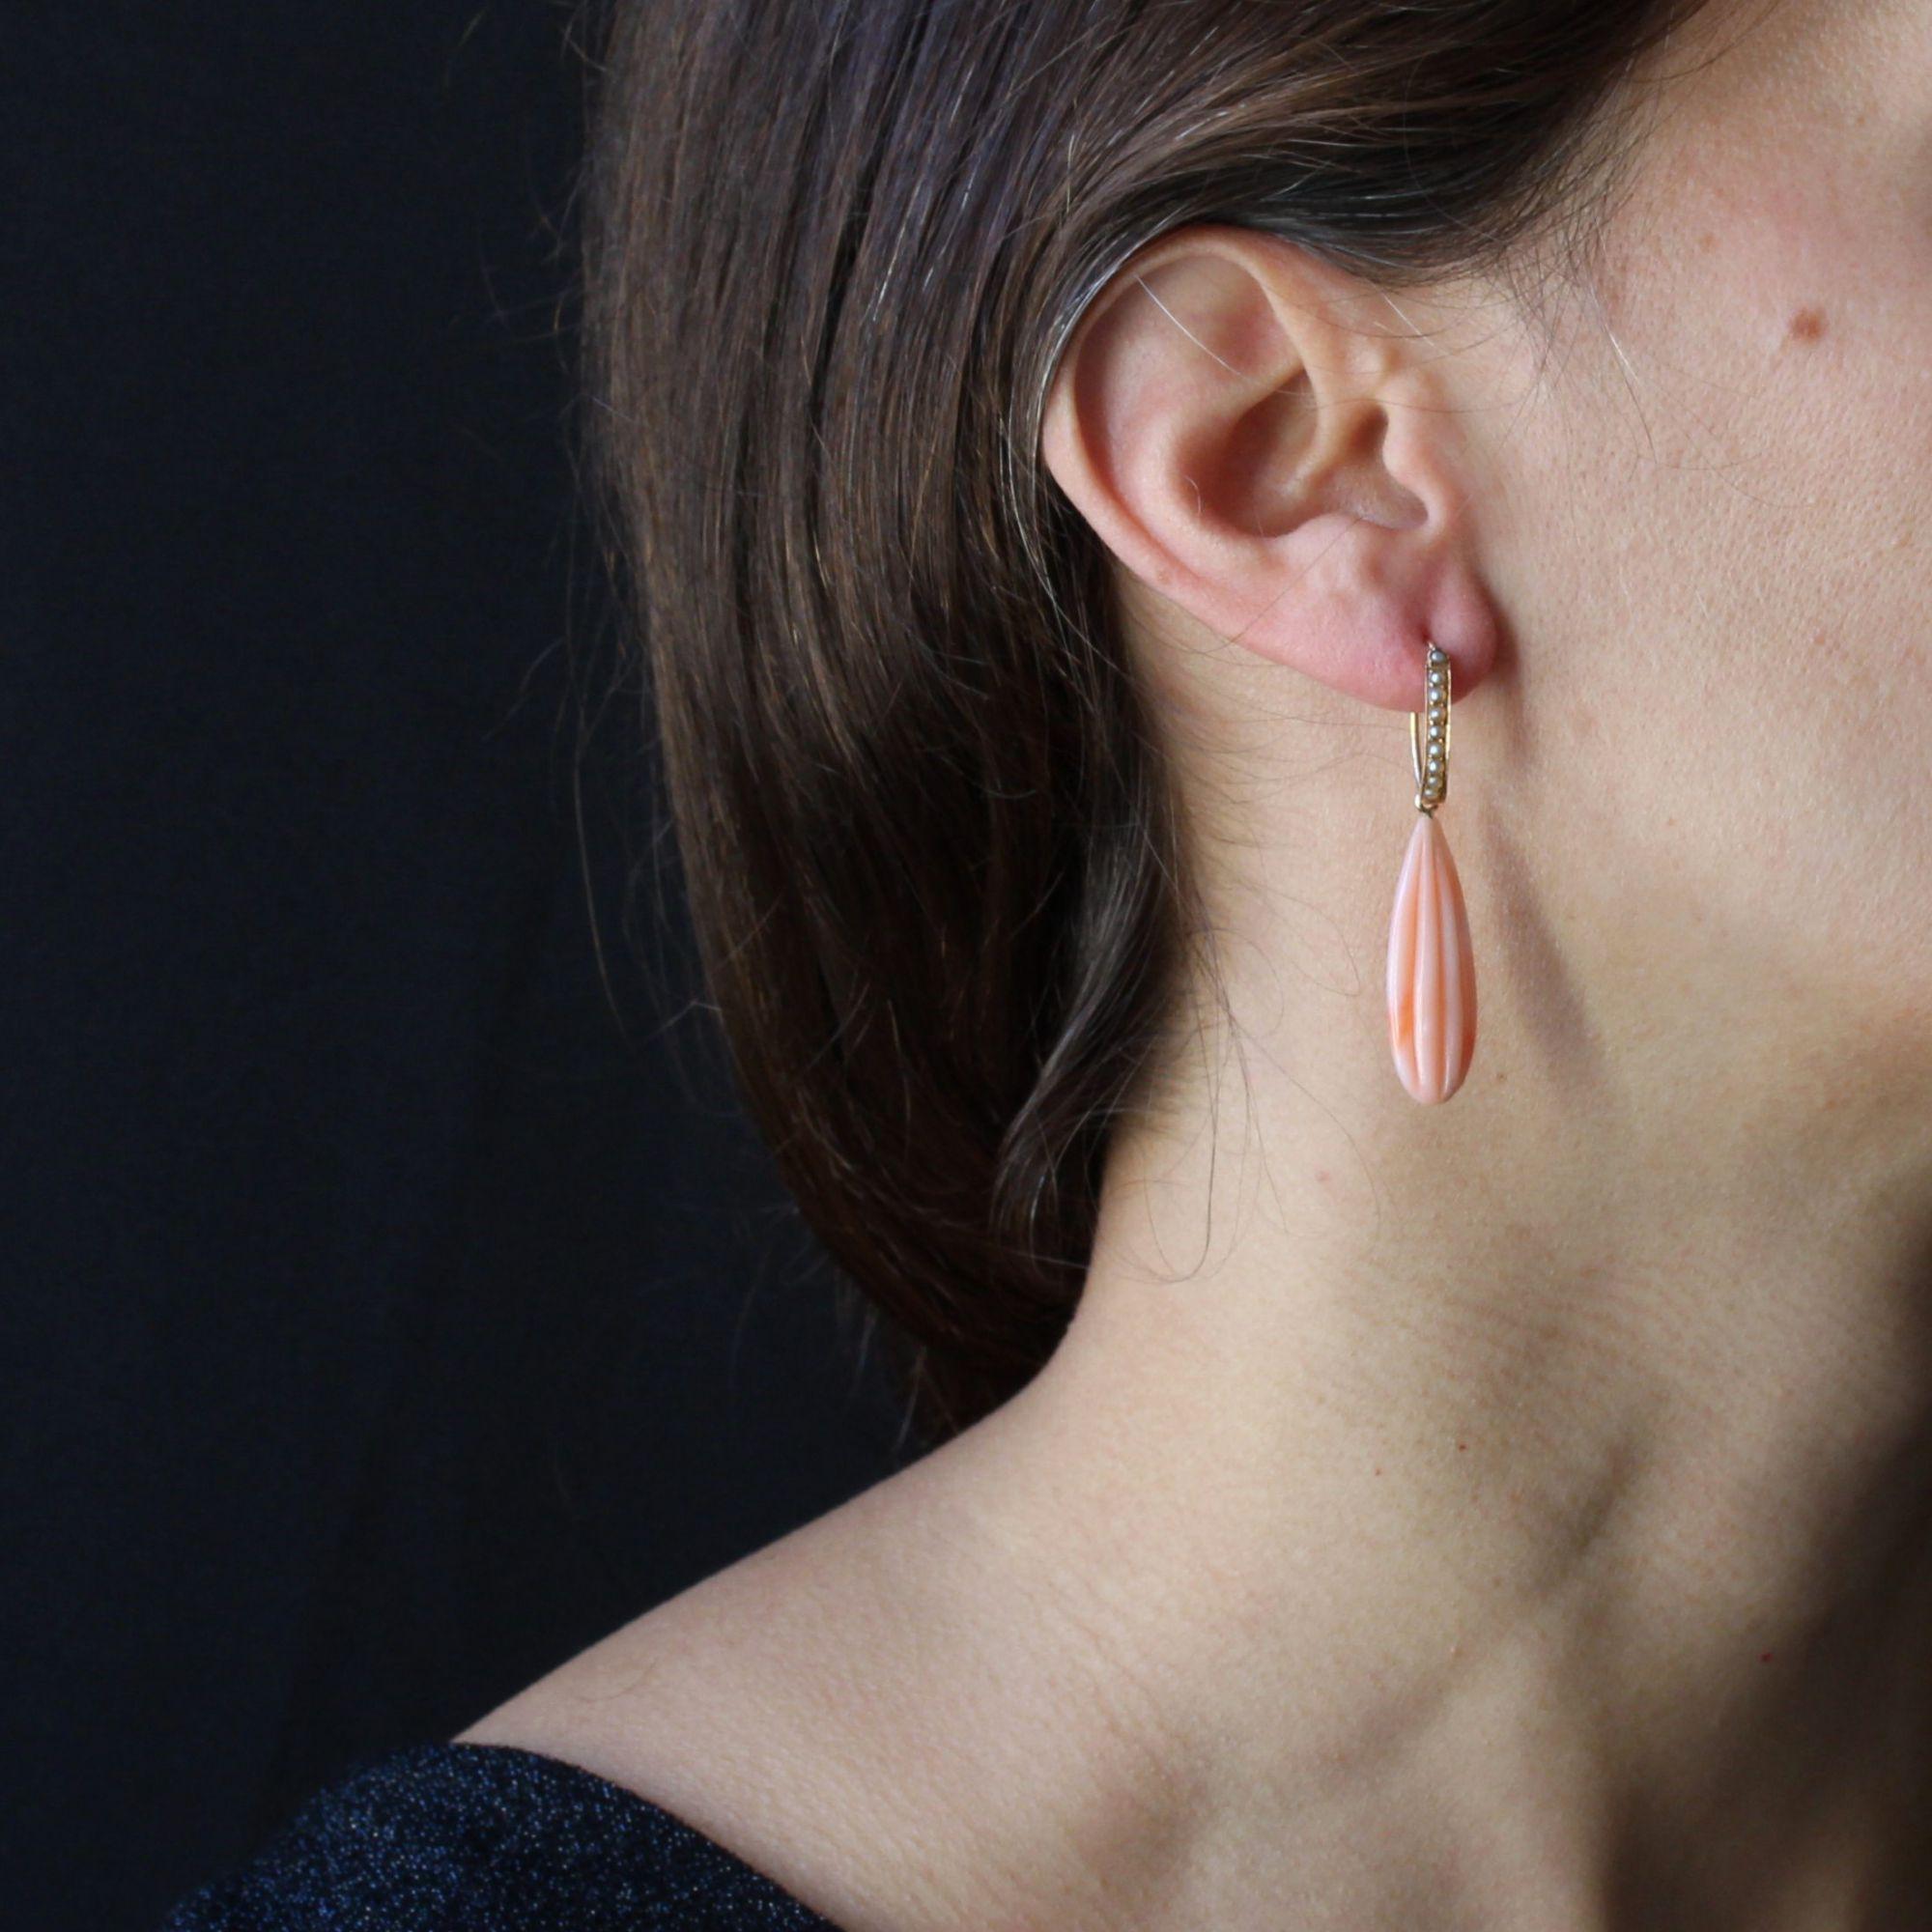 Für gepiercte Ohren.
Ohrring aus 18 Karat Roségold.
Prächtige antike Anhänger Ohrringe, sie sind auf dem hohen Teil eines ovalen Rings, dessen Vorderseite ist mit natürlichen Perlen besetzt gebildet. Die Aufhängung erfolgt auf der Rückseite.
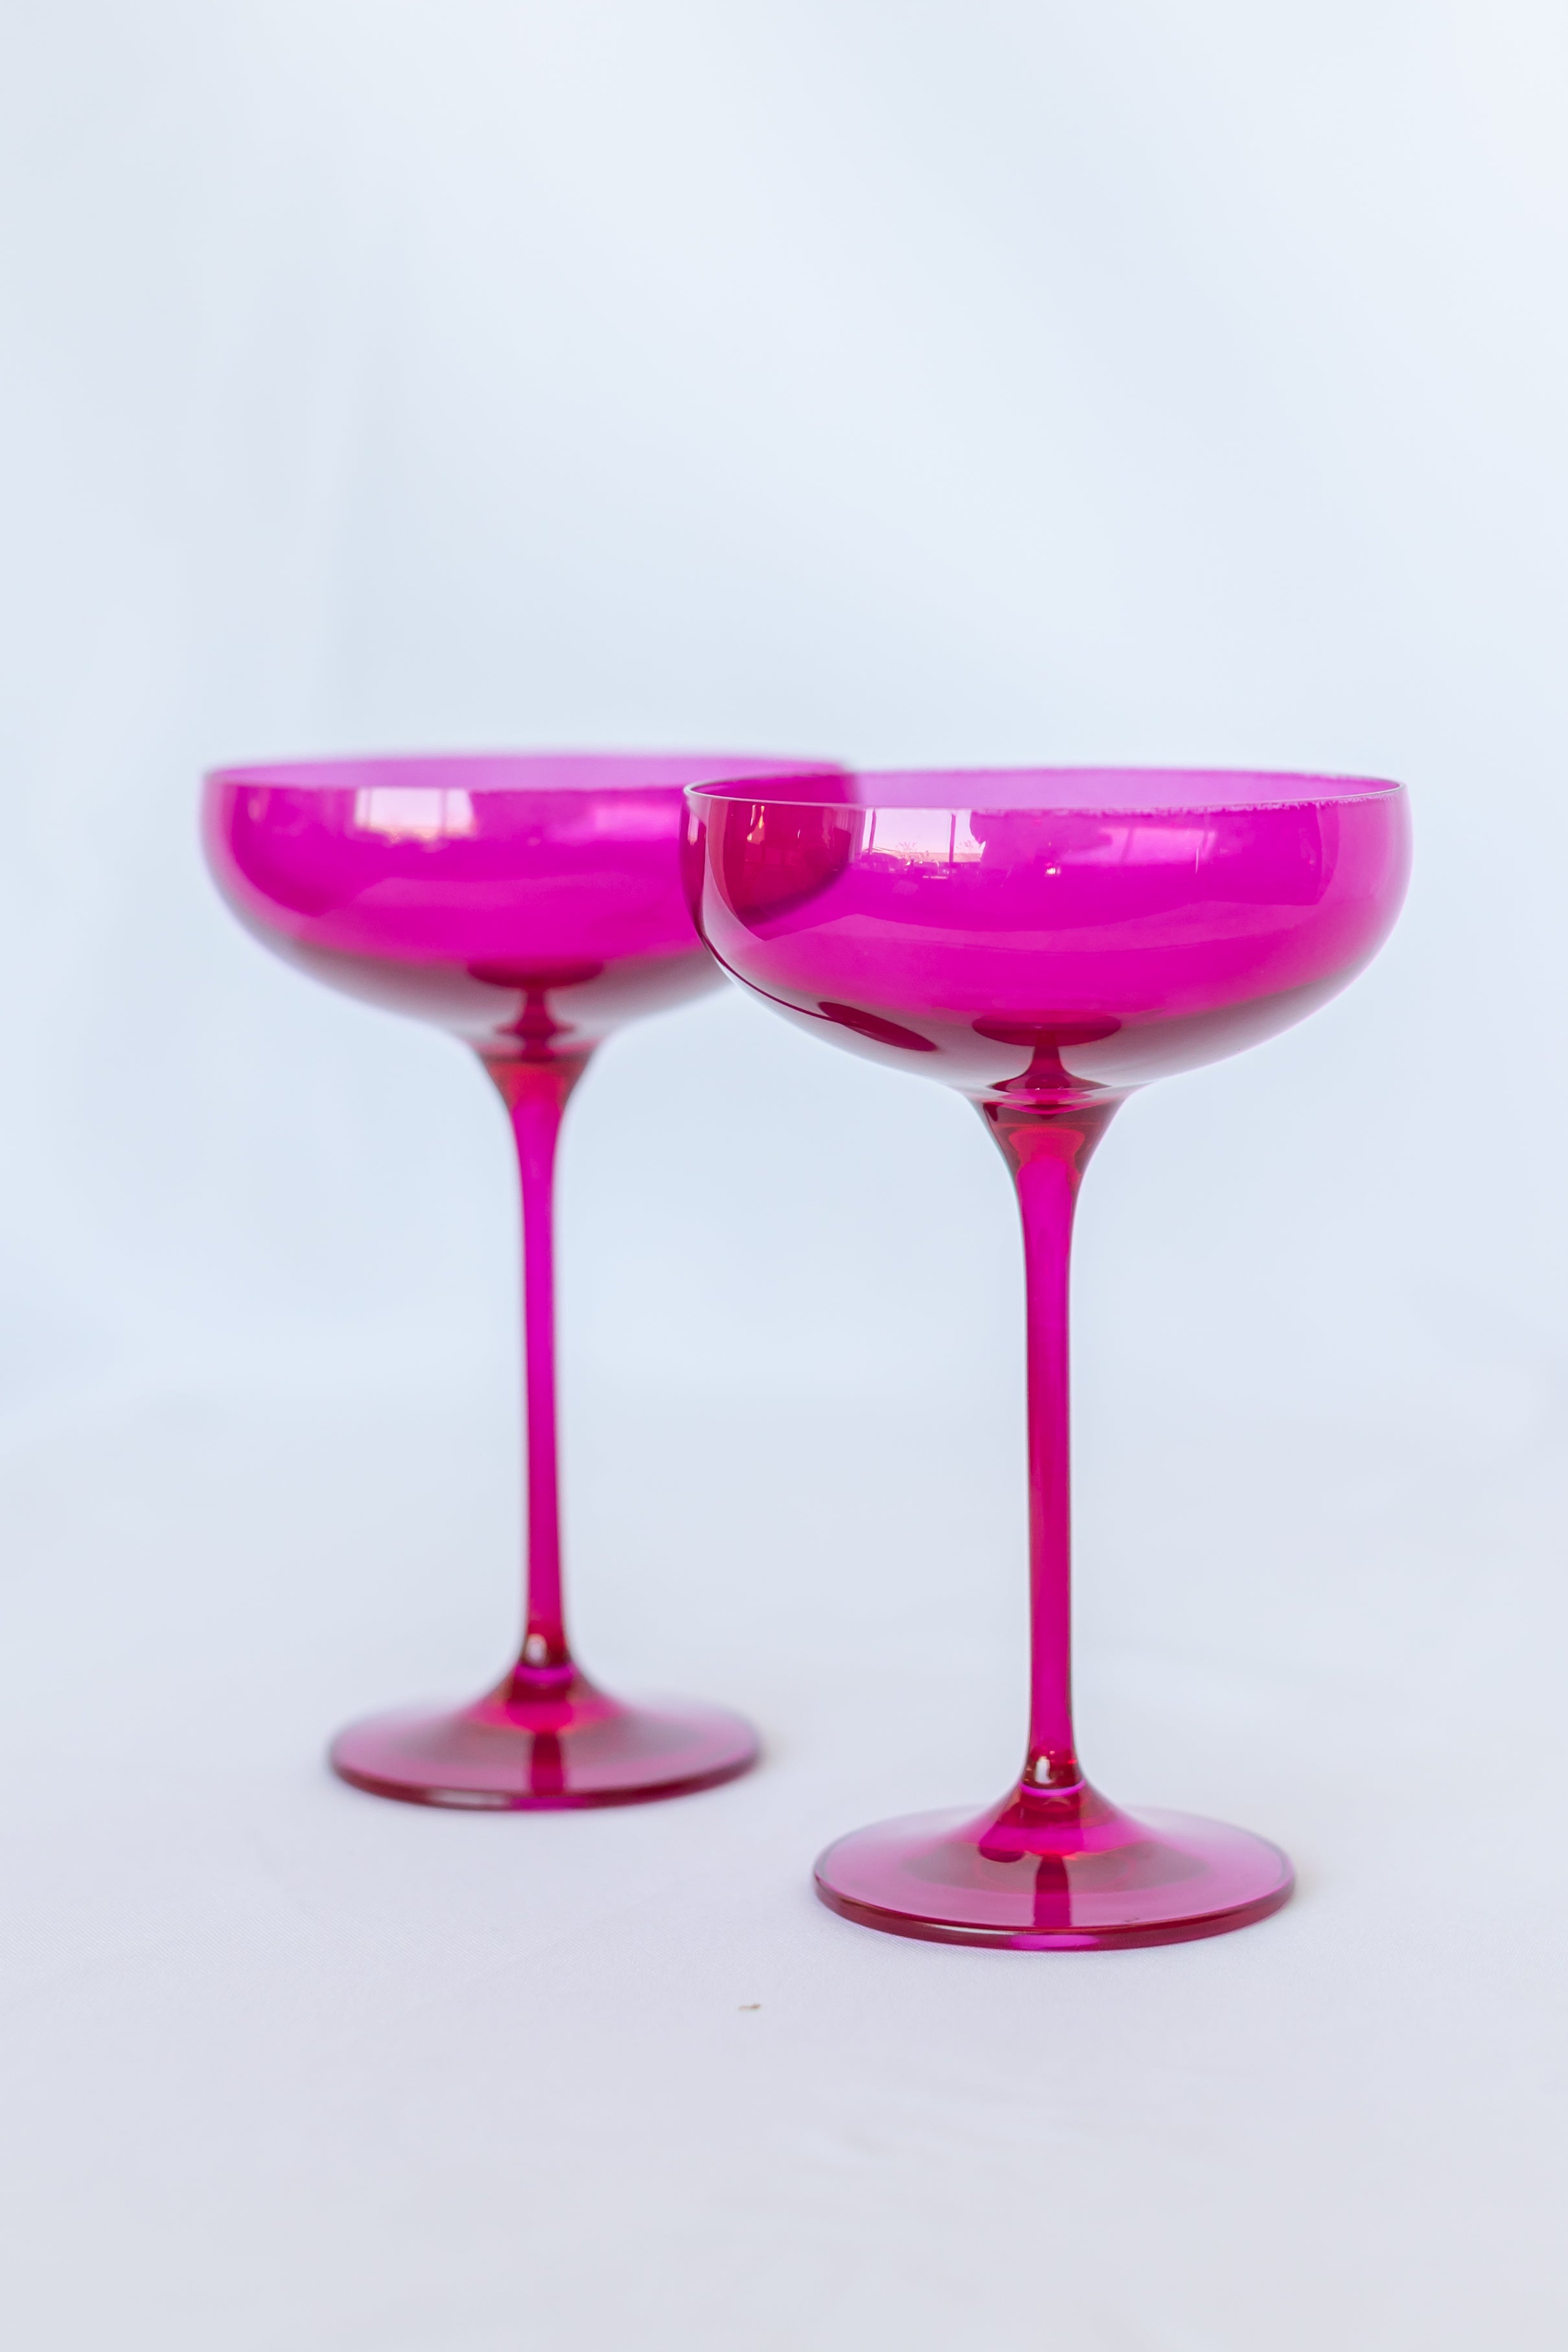 Estelle Colored Champagne Coupe Stemware - Set of 2 {Viva Magenta (Our Fuchsia)}
# # # # # # #
▸ INSTRUCTIONS FOR THE TASK
Each line from the one containing "Ohrring aus 18 Karat Roségold." through the last line of the data should be written out exactly. Skip the pictures, and add no other lines.

▸ OUTPUT
Ohrring aus 18 Karat Roségold.
Prächtige antike Anhänger Ohrringe, sie sind auf dem hohen Teil eines ovalen Rings, dessen Vorderseite ist mit natürlichen Perlen besetzt gebildet. Die Aufhängung erfolgt auf der Rückseite.
 Estelle Colored Champagne Coupe Stemware - Set of 2 {Viva Magenta (Our Fuchsia)}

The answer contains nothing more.